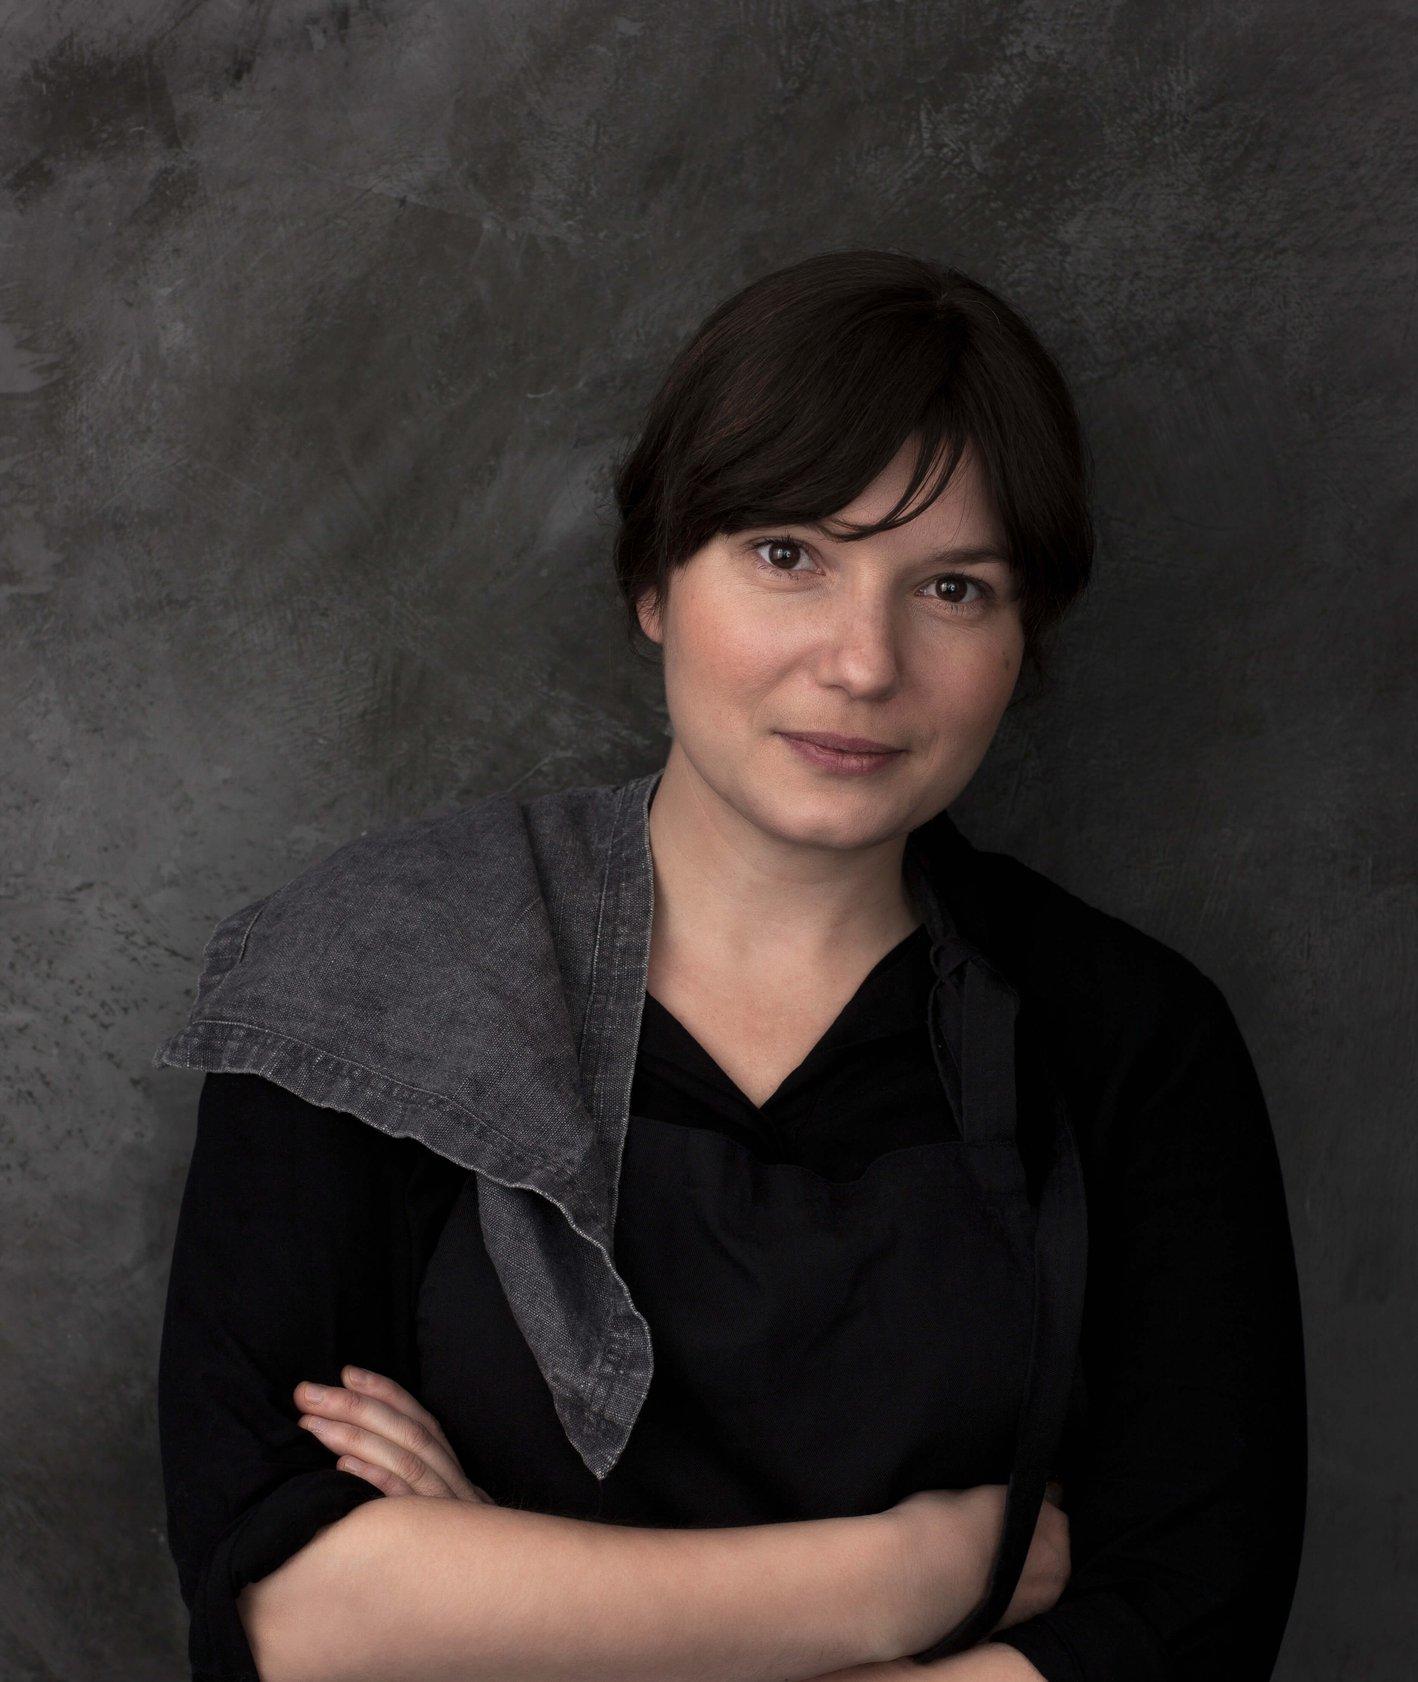 Zdjęcie Tove Nilsson, autorki książki poświęconej zupie ramen
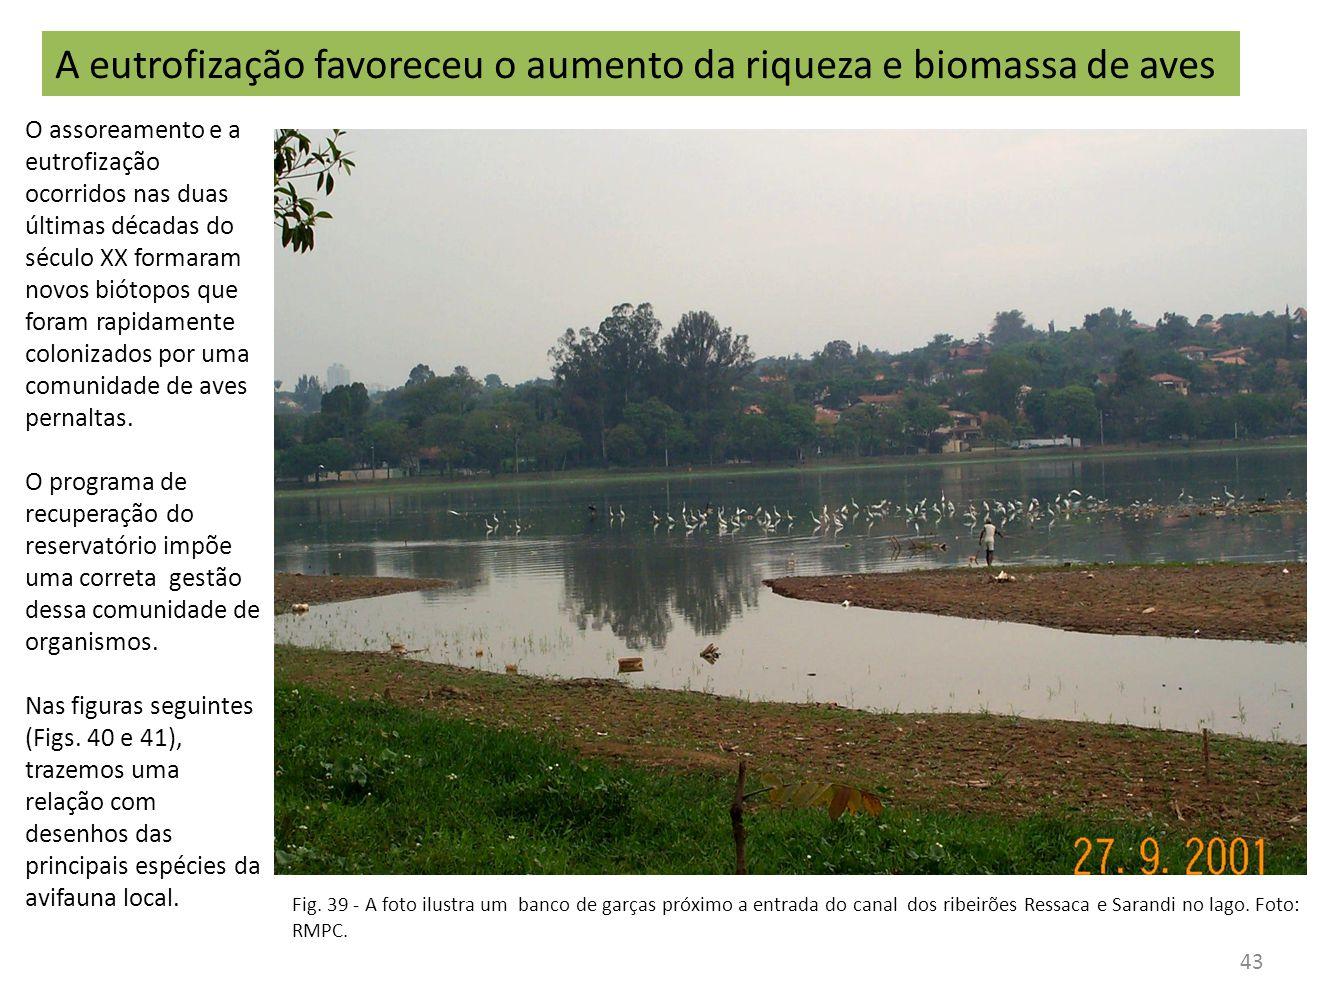 1 - Gallinula chloropus (Frango-d água-comum) 2 - Podilymbus podiceps (Mergulhão) - Plumagem reprodutiva 2a - Plumagem de descanso 3 - Tringa solitaria (Maçarico-solitário) 4 - Vanellus chilensis (Quero-quero) 5 - Jacana jacana (Jaçanã) - Adulto 5a - Jovem 6 - Phalacrocorax brasilianus (Biguá) 7 - Aramus guarauna (Carão) 8 - Dendrocygna bicolor (Marreca-caneleira) 9 - Dendrocygna viduata (Irerê) 10 - Dendrocygna autumnalis (Asa-branca) 11 - Netta erythrophthalma (Paturi-preta) 12 - Amazonetta brasiliensis (Ananaí) 13 - Casmerodius albus (Garça-branca-grande) 14 - Egretta thula (Garça-branca-pequena) 15 - Nycticorax nycticorax (Savacu) 16 - Butorides striatus (Socozinho) 17 - Tringa flavipes (Maçarico-de-perna-amarela) 44 Aves pernaltas encontradas na represa da Pampulha (2001).
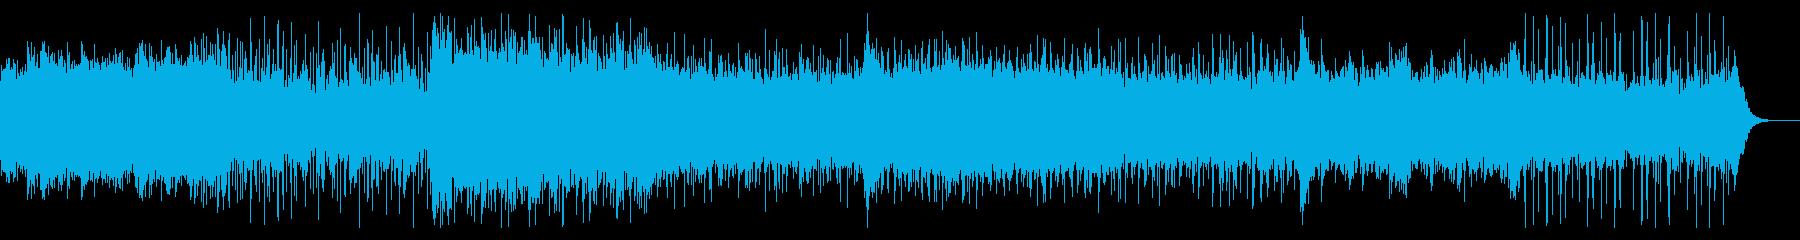 ホラー向けのごわごわしたシネマドローンの再生済みの波形
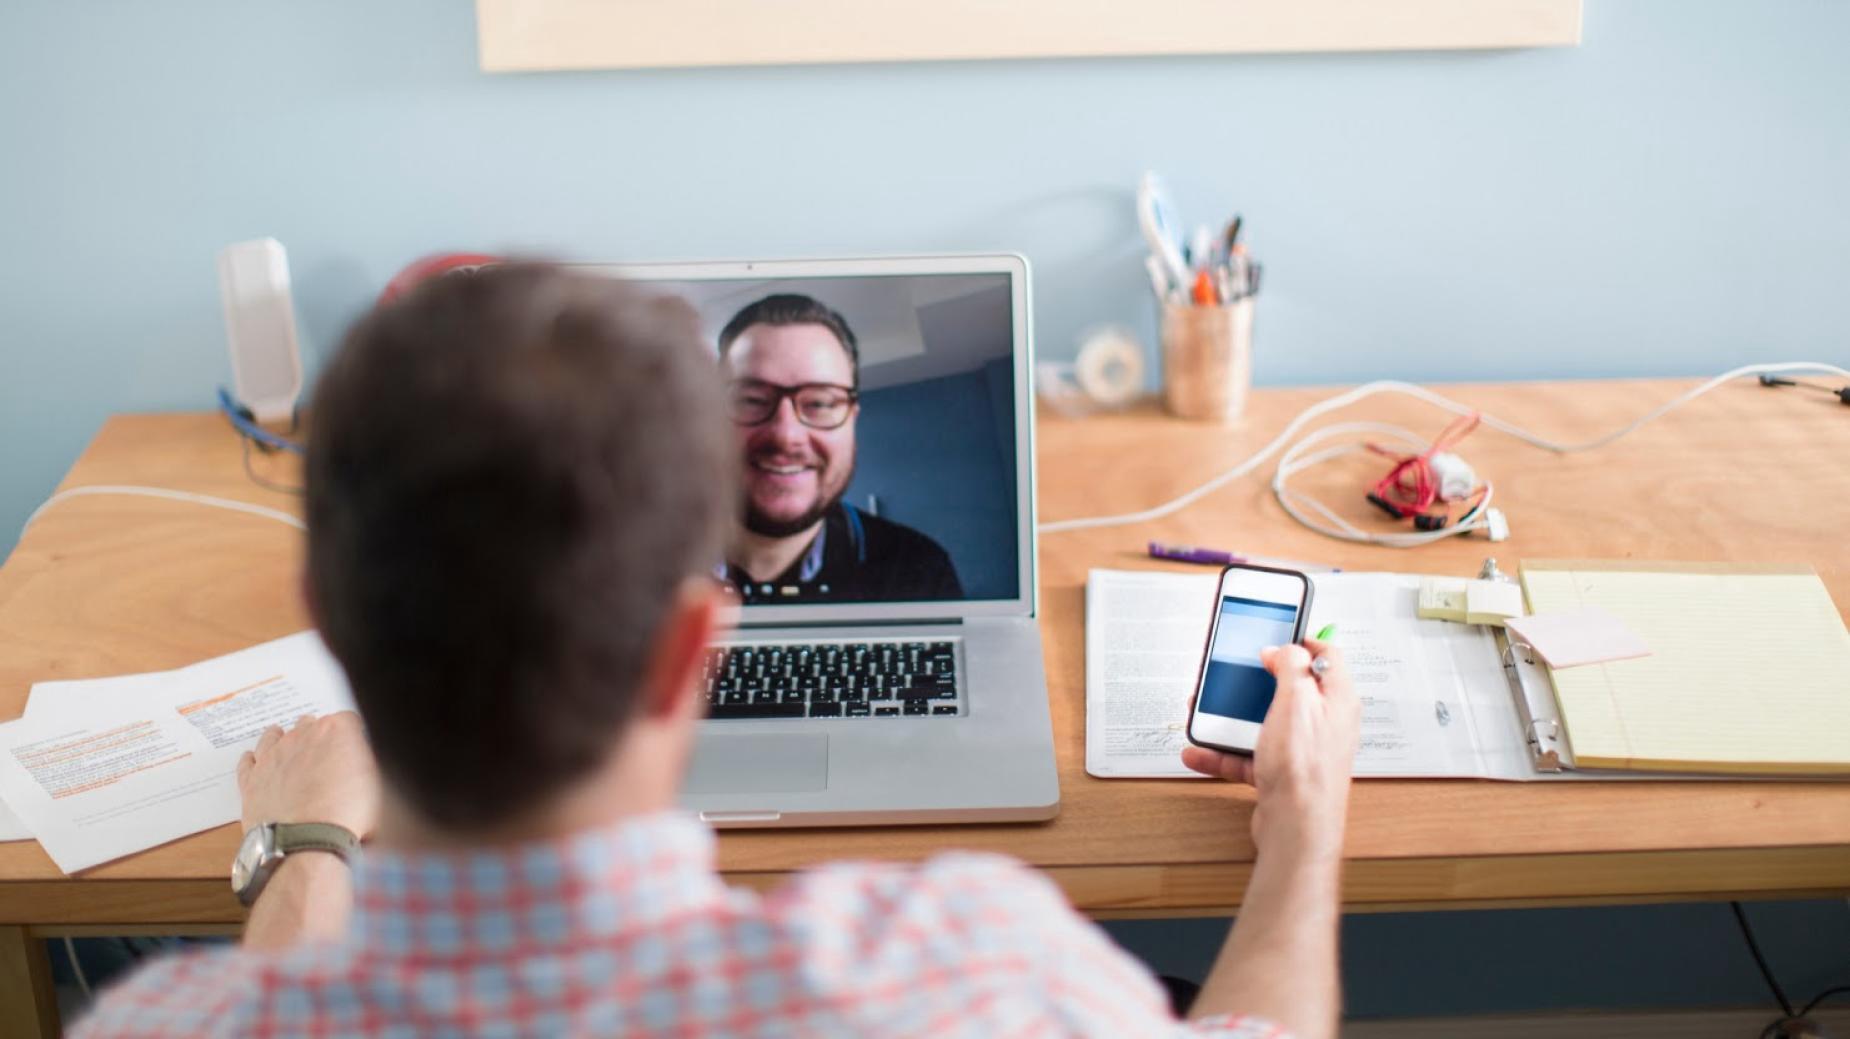 bekerja online video conference
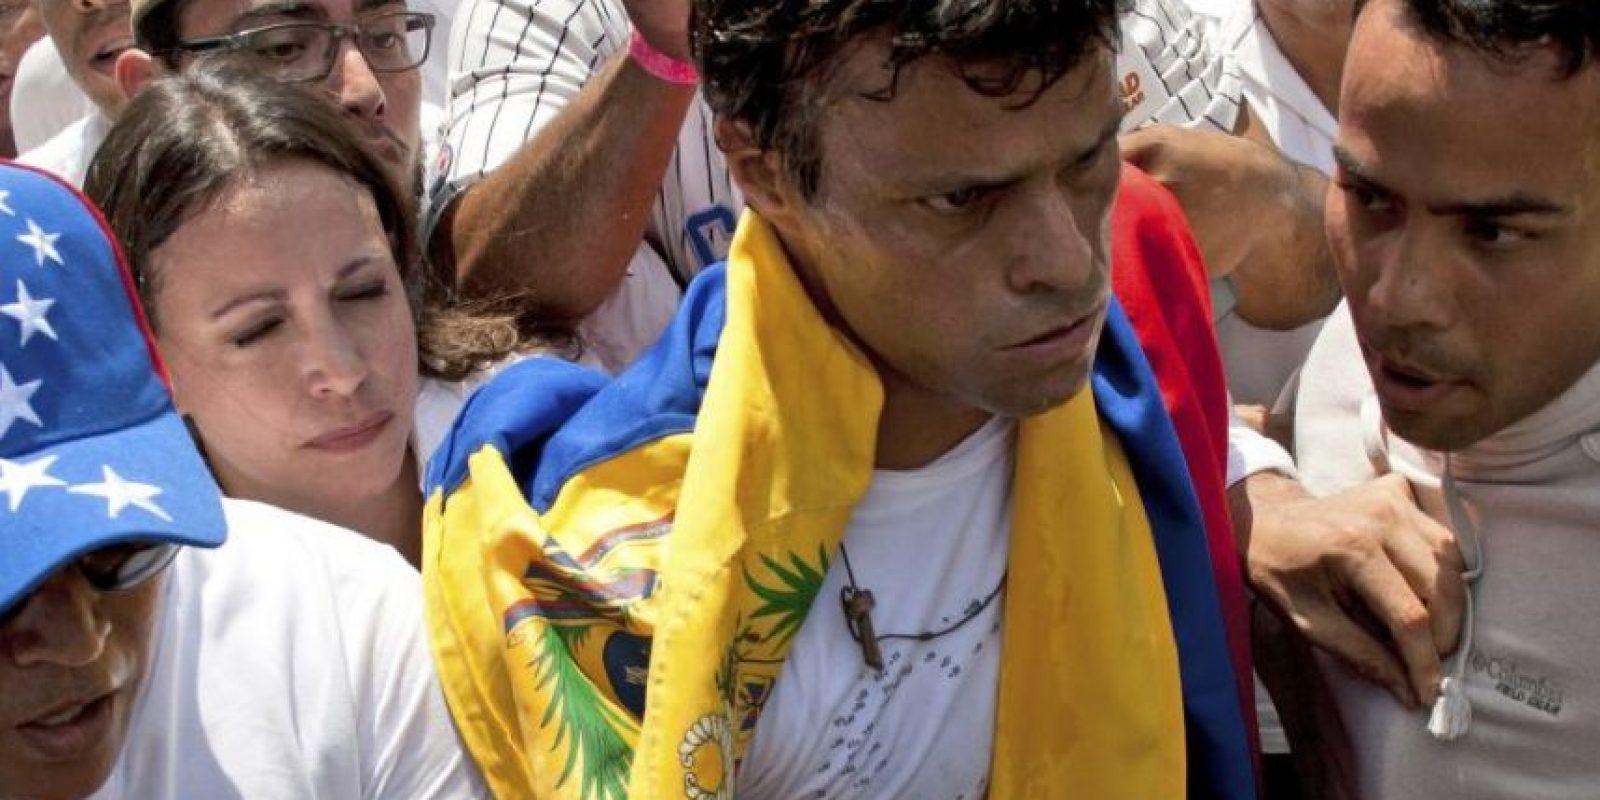 López fue condenado a 13 años de prisión por los hechos violentos durante una manifestación contra el gobierno realizada el 12 de febrero. Foto:AP

# [Exercise]
Give an exact copy of the material, leaving out every picture.

# [Worked solution]
 Zdjęcie Tove Nilsson, autorki książki poświęconej zupie ramen
 1 - Gallinula chloropus (Frango-d água-comum) 2 - Podilymbus podiceps (Mergulhão) - Plumagem reprodutiva 2a - Plumagem de descanso 3 - Tringa solitaria (Maçarico-solitário) 4 - Vanellus chilensis (Quero-quero) 5 - Jacana jacana (Jaçanã) - Adulto 5a - Jovem 6 - Phalacrocorax brasilianus (Biguá) 7 - Aramus guarauna (Carão) 8 - Dendrocygna bicolor (Marreca-caneleira) 9 - Dendrocygna viduata (Irerê) 10 - Dendrocygna autumnalis (Asa-branca) 11 - Netta erythrophthalma (Paturi-preta) 12 - Amazonetta brasiliensis (Ananaí) 13 - Casmerodius albus (Garça-branca-grande) 14 - Egretta thula (Garça-branca-pequena) 15 - Nycticorax nycticorax (Savacu) 16 - Butorides striatus (Socozinho) 17 - Tringa flavipes (Maçarico-de-perna-amarela) 44 Aves pernaltas encontradas na represa da Pampulha (2001).
 ホラー向けのごわごわしたシネマドローンの再生済みの波形
 bekerja online video conference
 López fue condenado a 13 años de prisión por los hechos violentos durante una manifestación contra el gobierno realizada el 12 de febrero. Foto:AP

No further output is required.